▶ **What you should do**
Each record needs to be transcribed word for word, though without its pictures.

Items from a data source
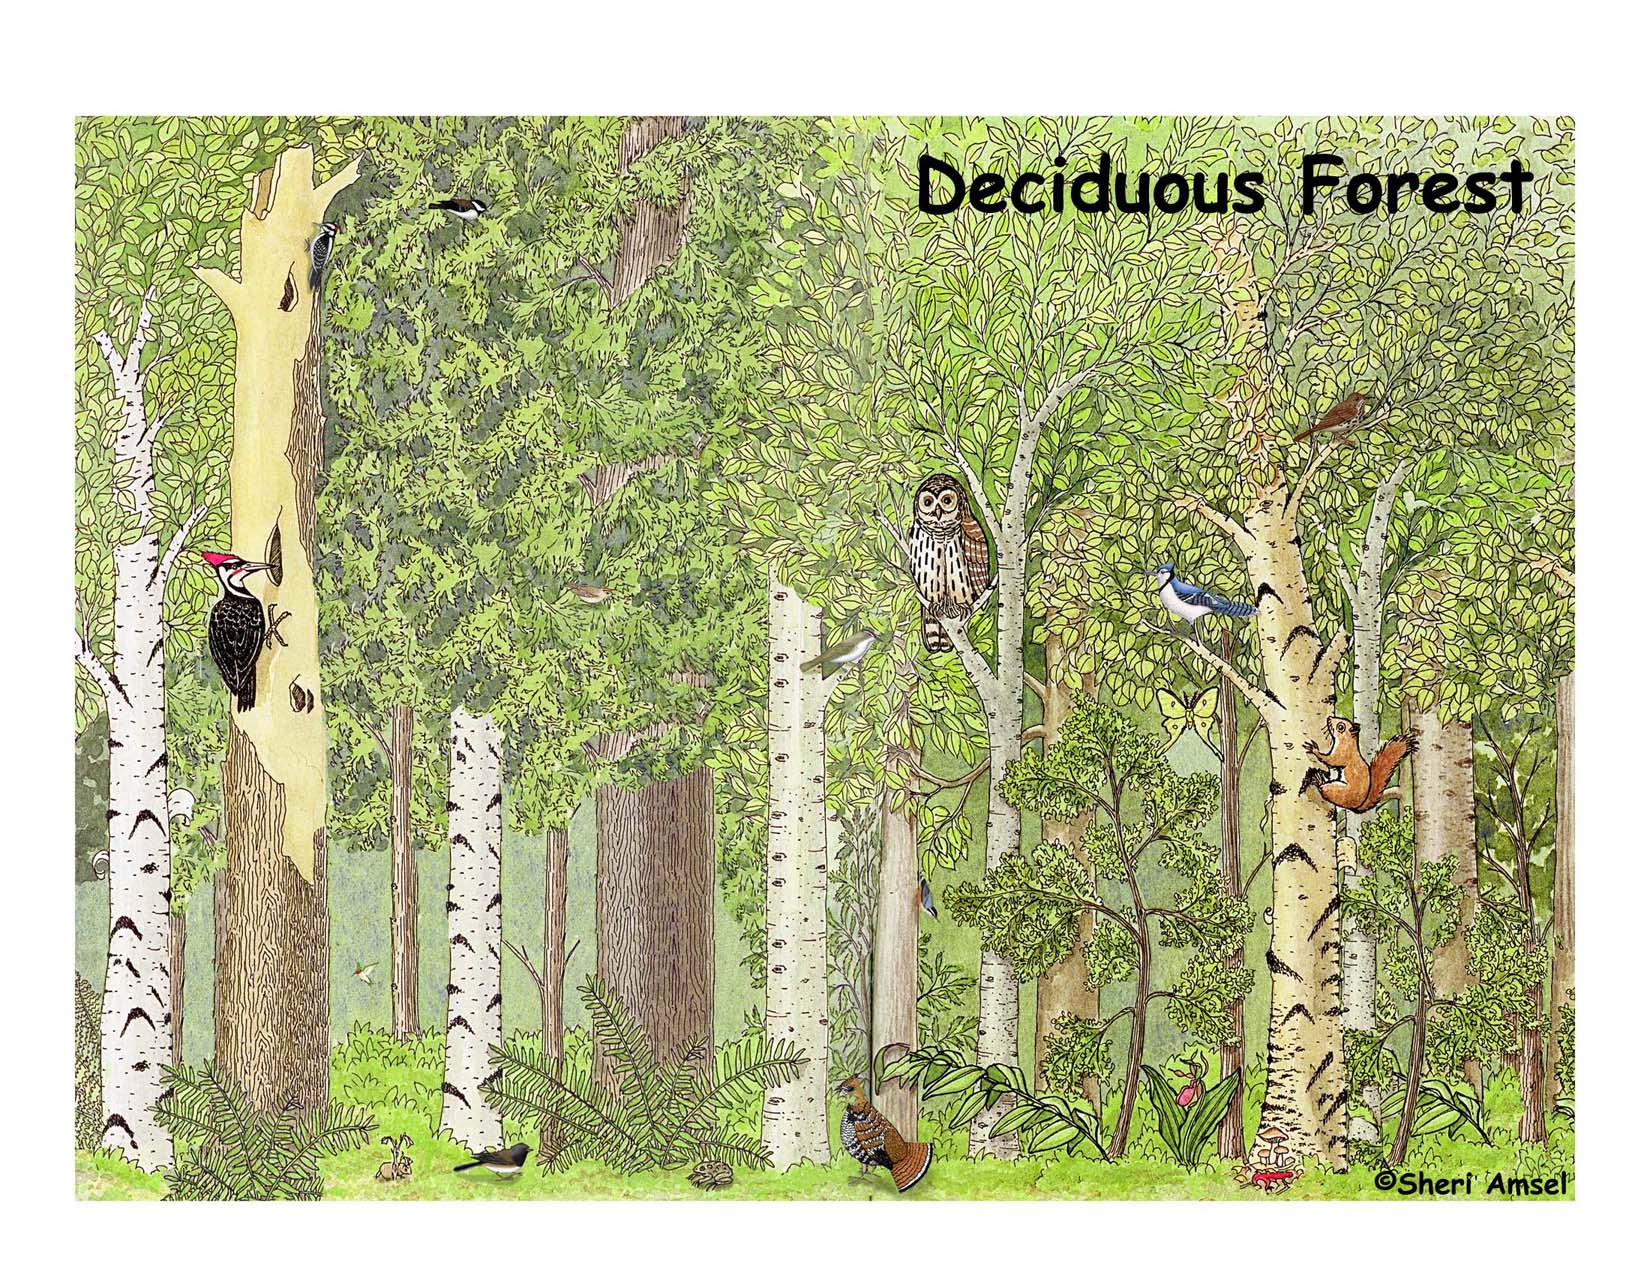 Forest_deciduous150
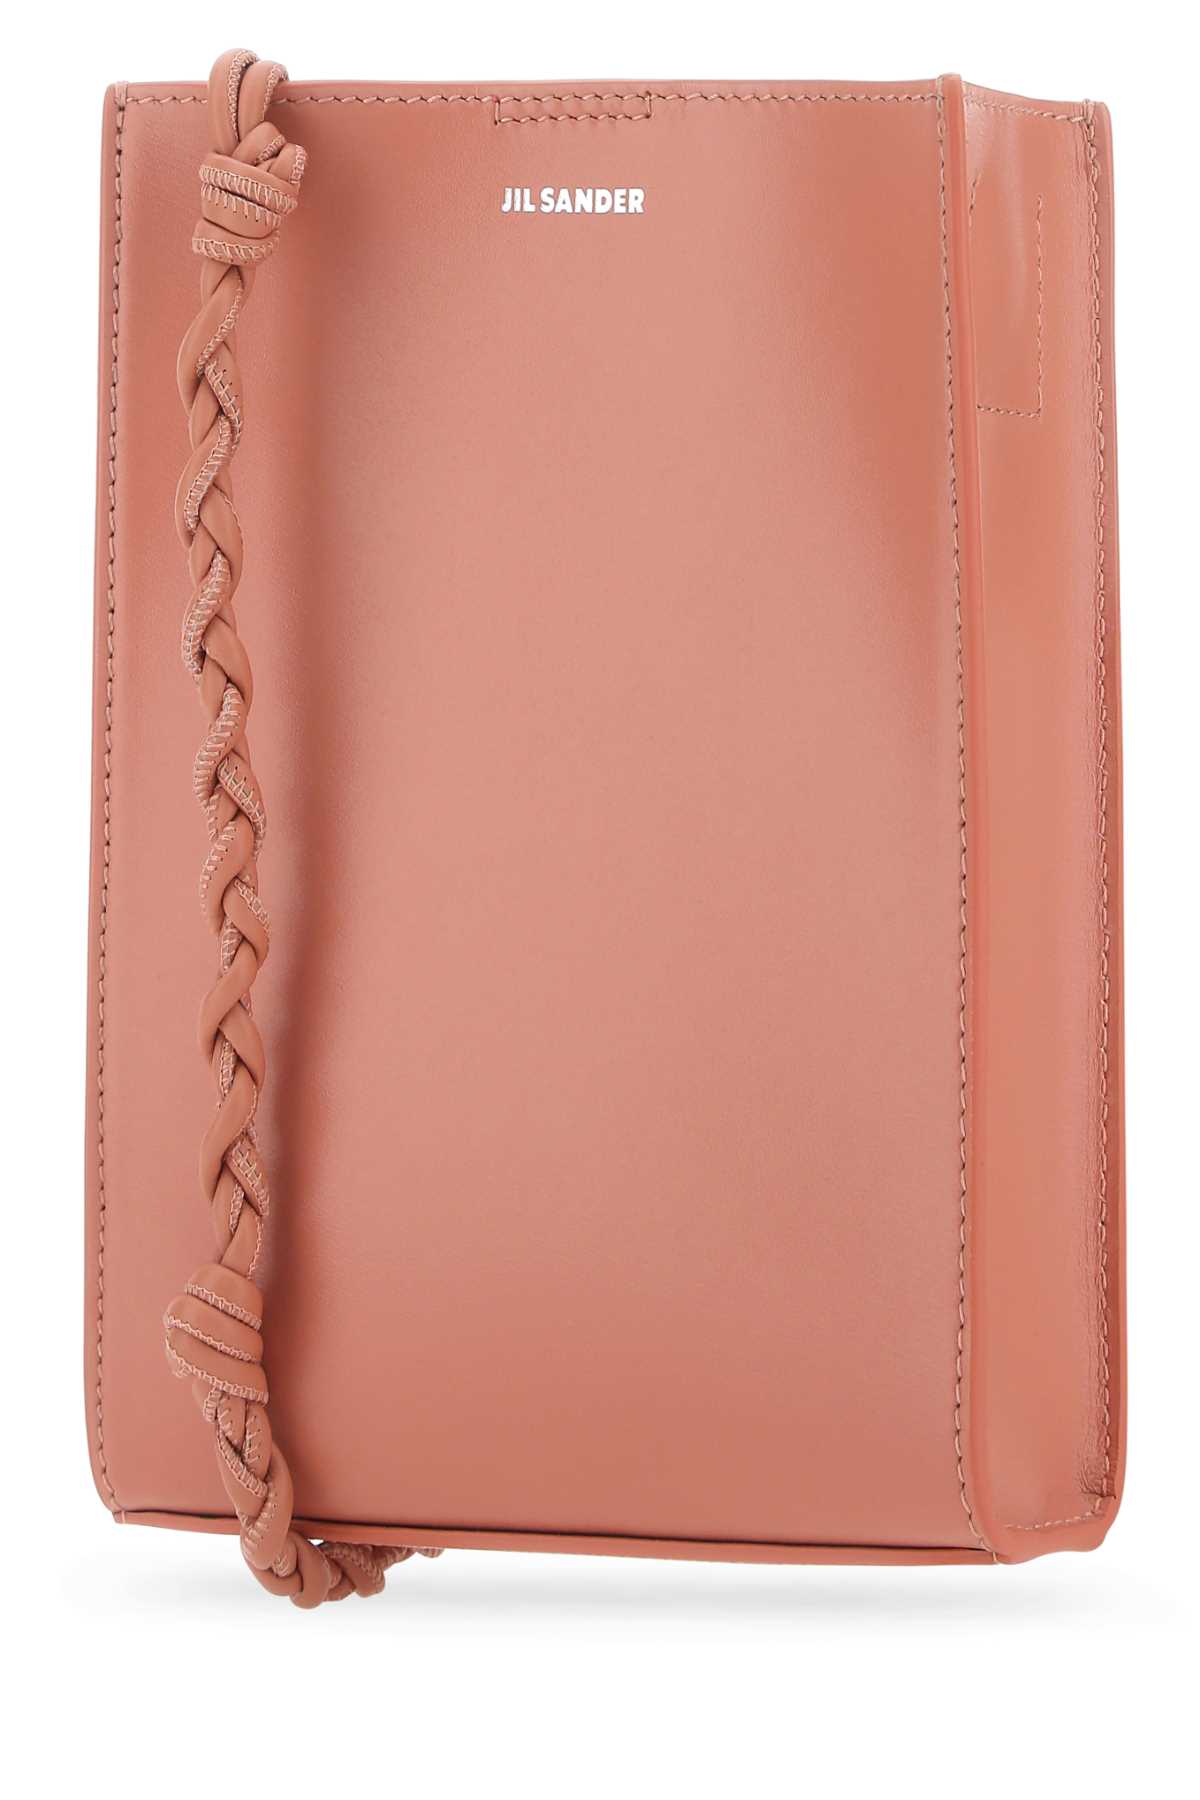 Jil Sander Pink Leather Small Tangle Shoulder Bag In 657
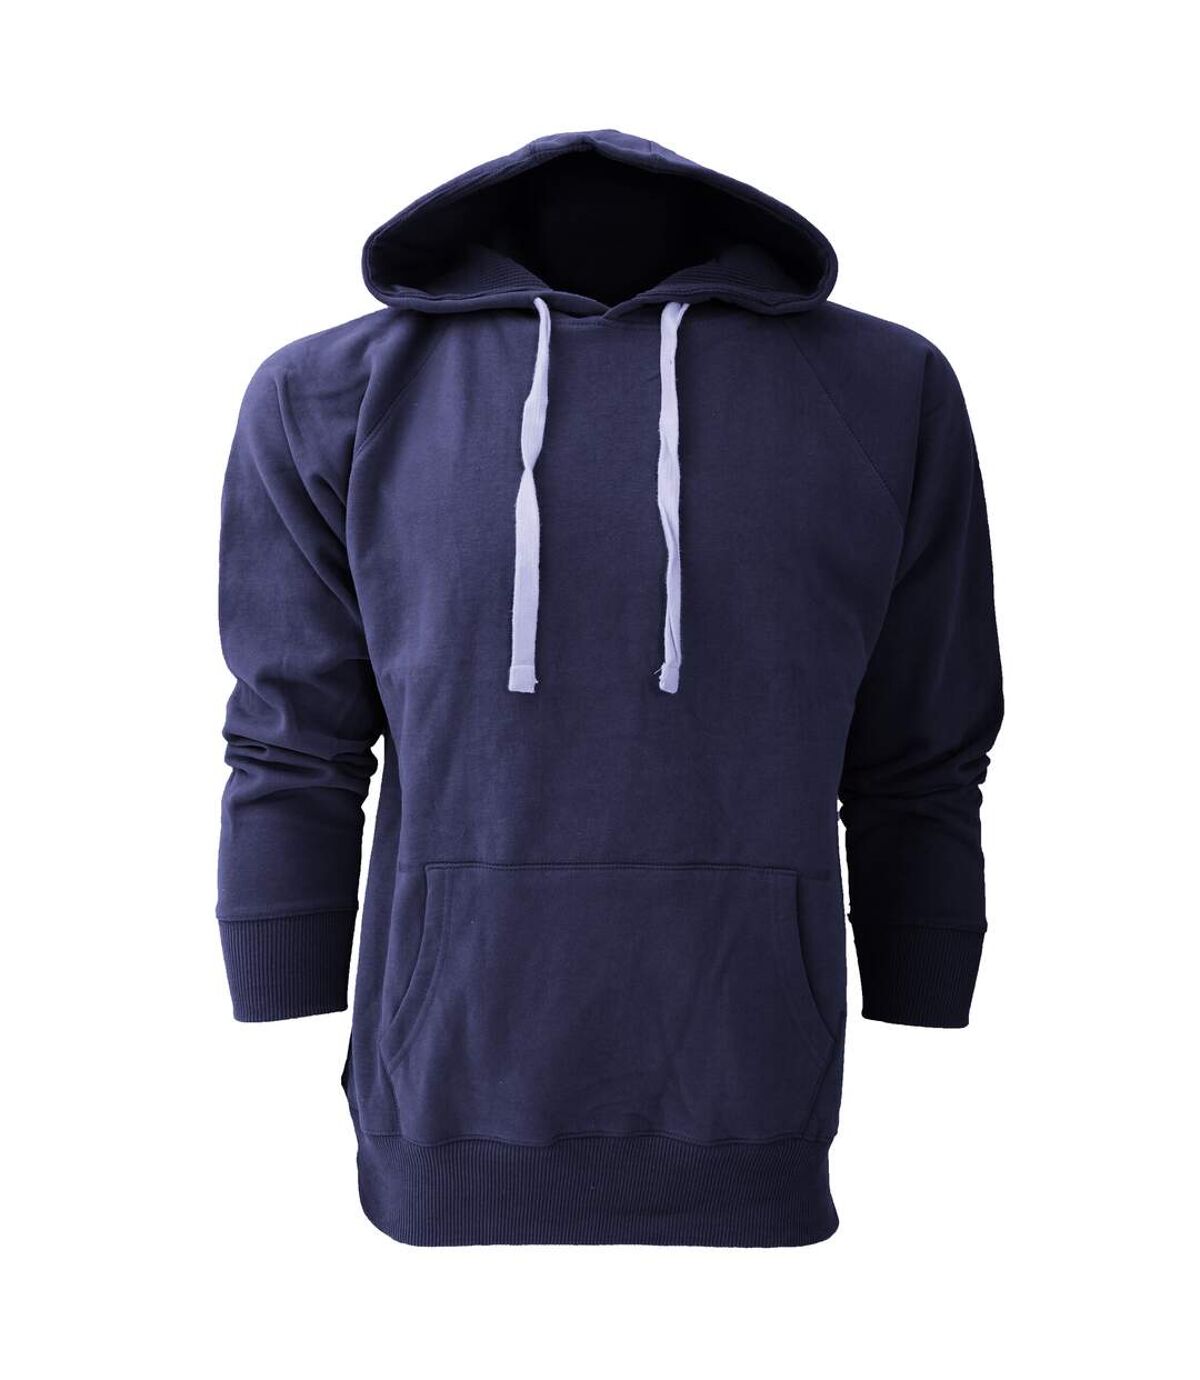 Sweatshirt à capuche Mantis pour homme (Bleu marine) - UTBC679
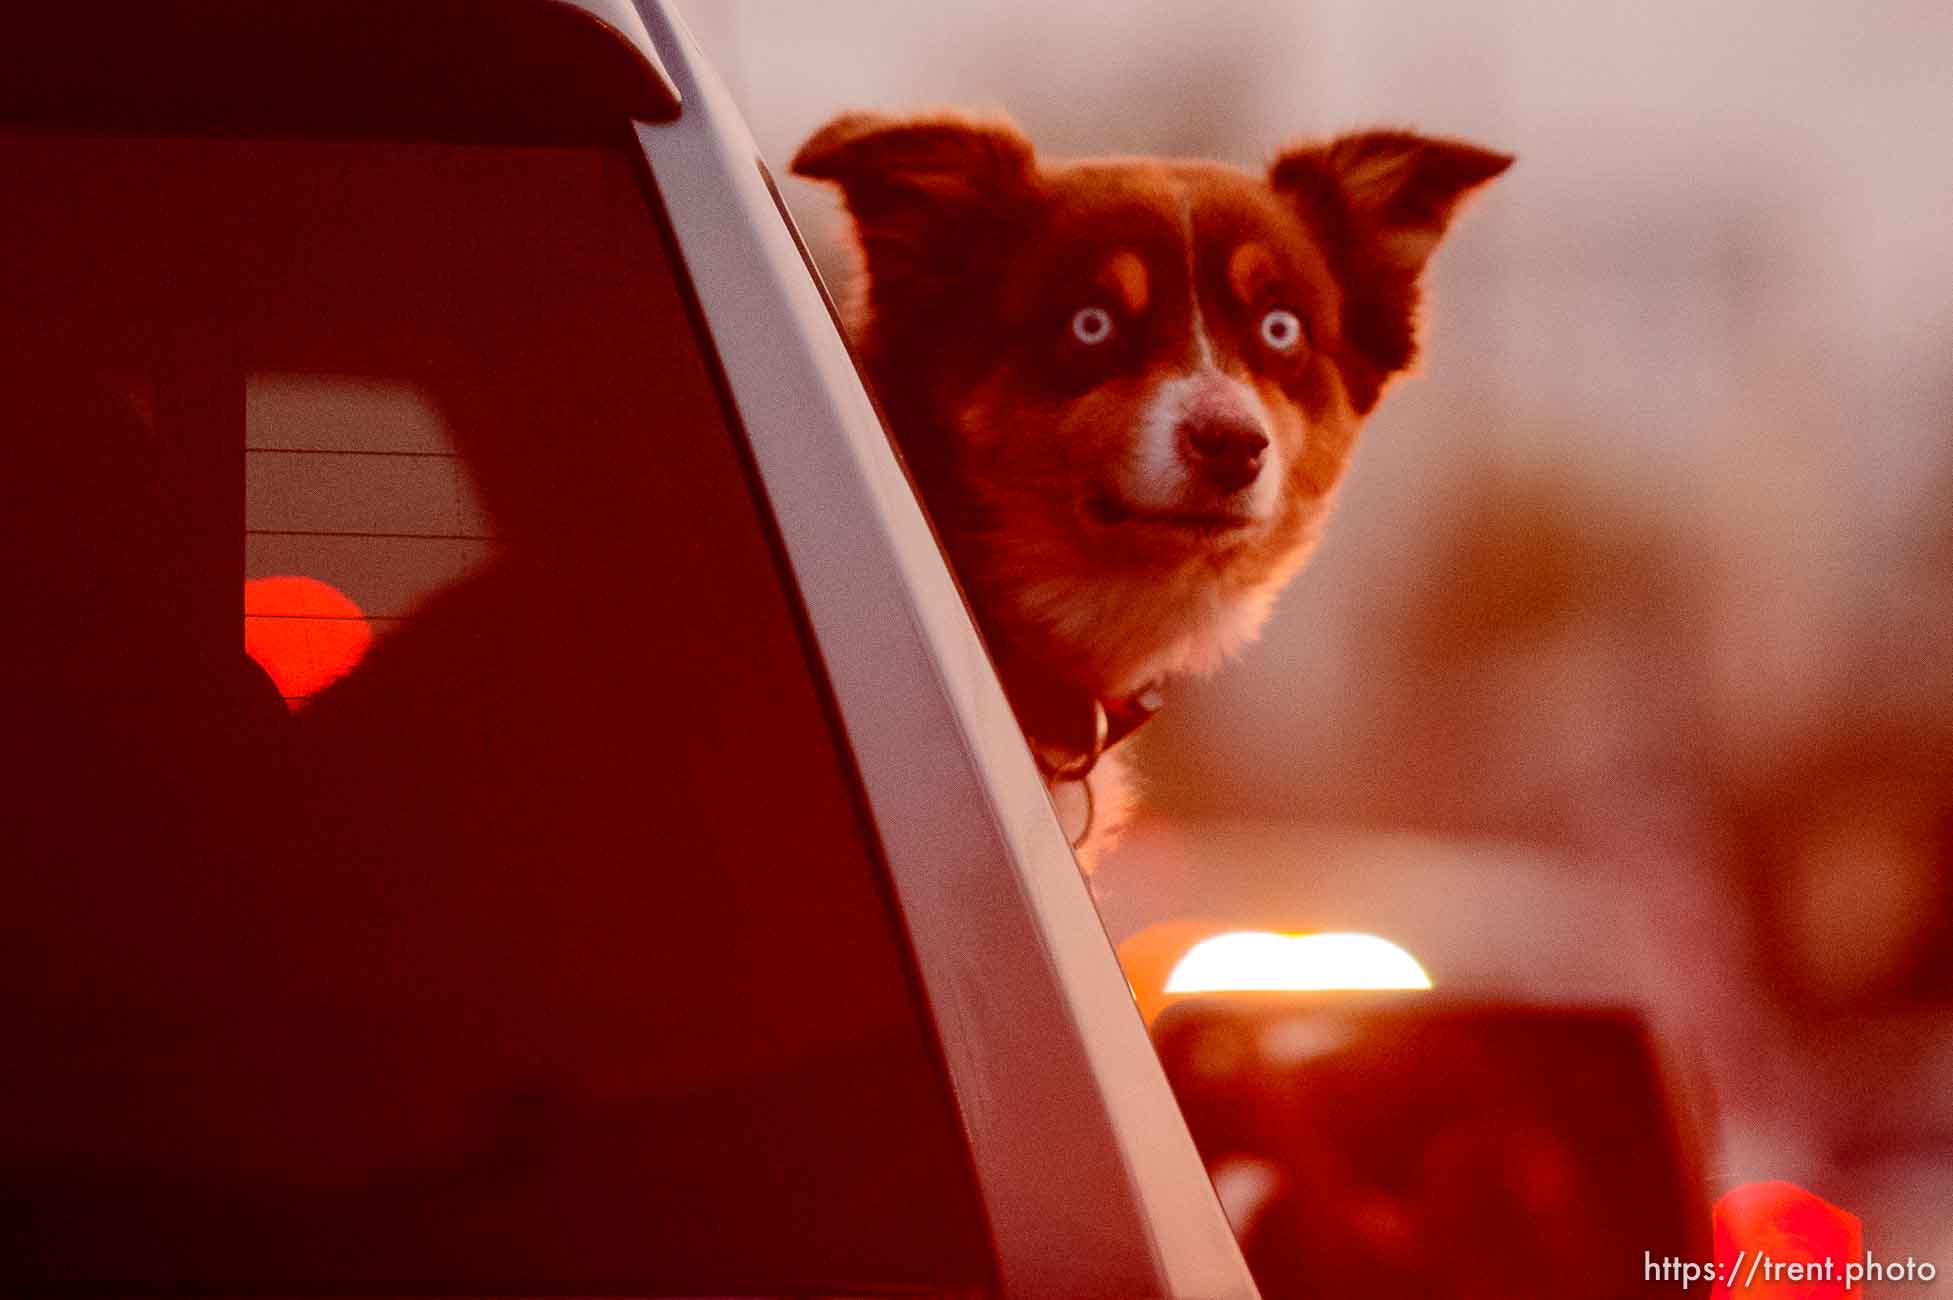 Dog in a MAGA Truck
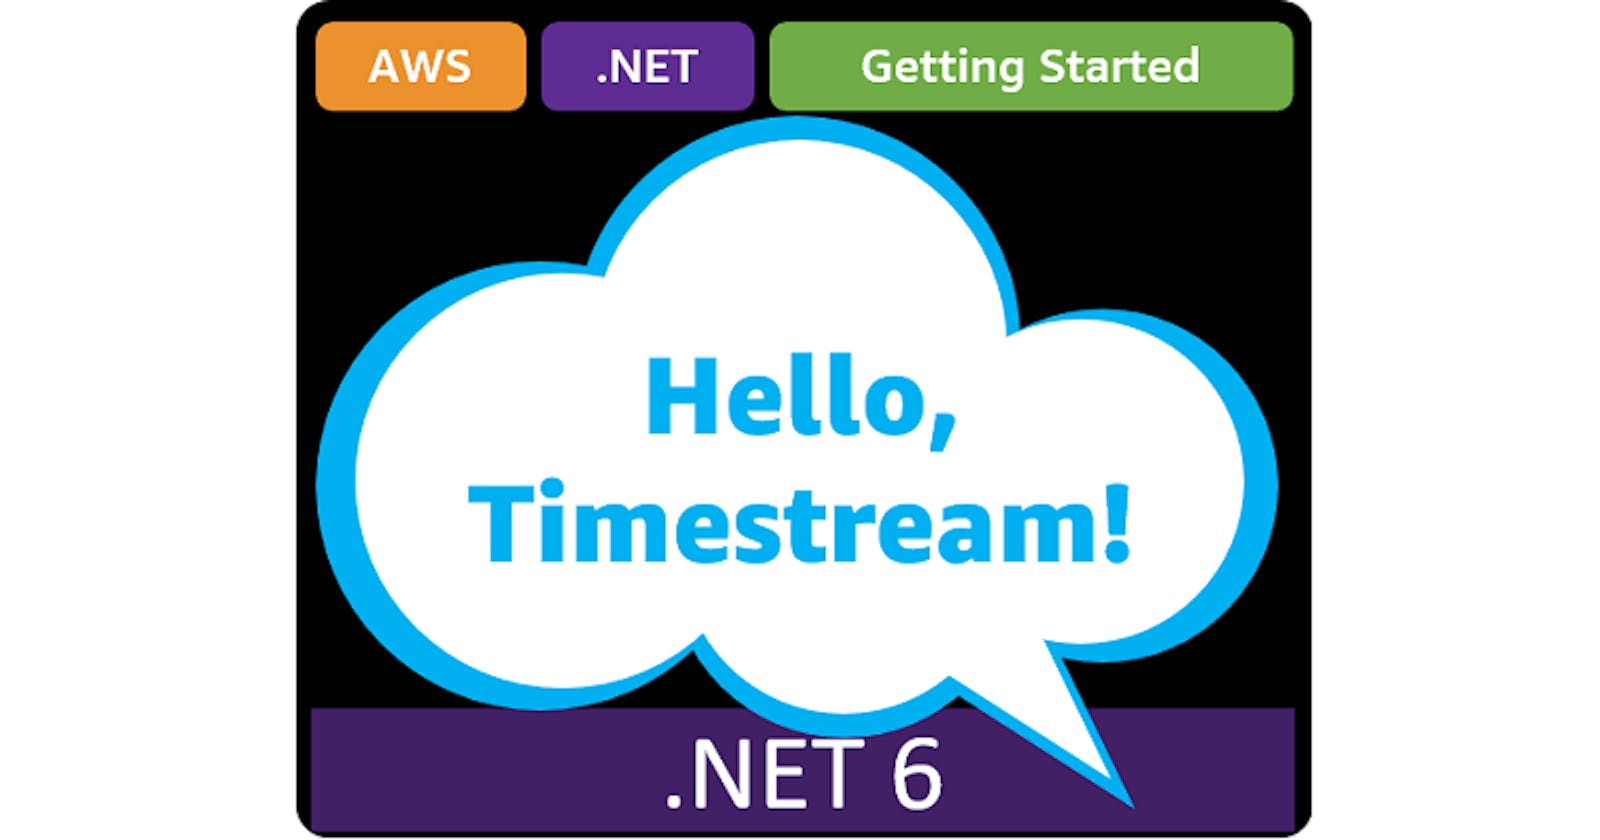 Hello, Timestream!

▶ **The completed task**
 Forest_deciduous150
 Jil Sander Pink Leather Small Tangle Shoulder Bag In 657
 Sweatshirt à capuche Mantis pour homme (Bleu marine) - UTBC679
 Dog in a MAGA Truck
 Hello, Timestream!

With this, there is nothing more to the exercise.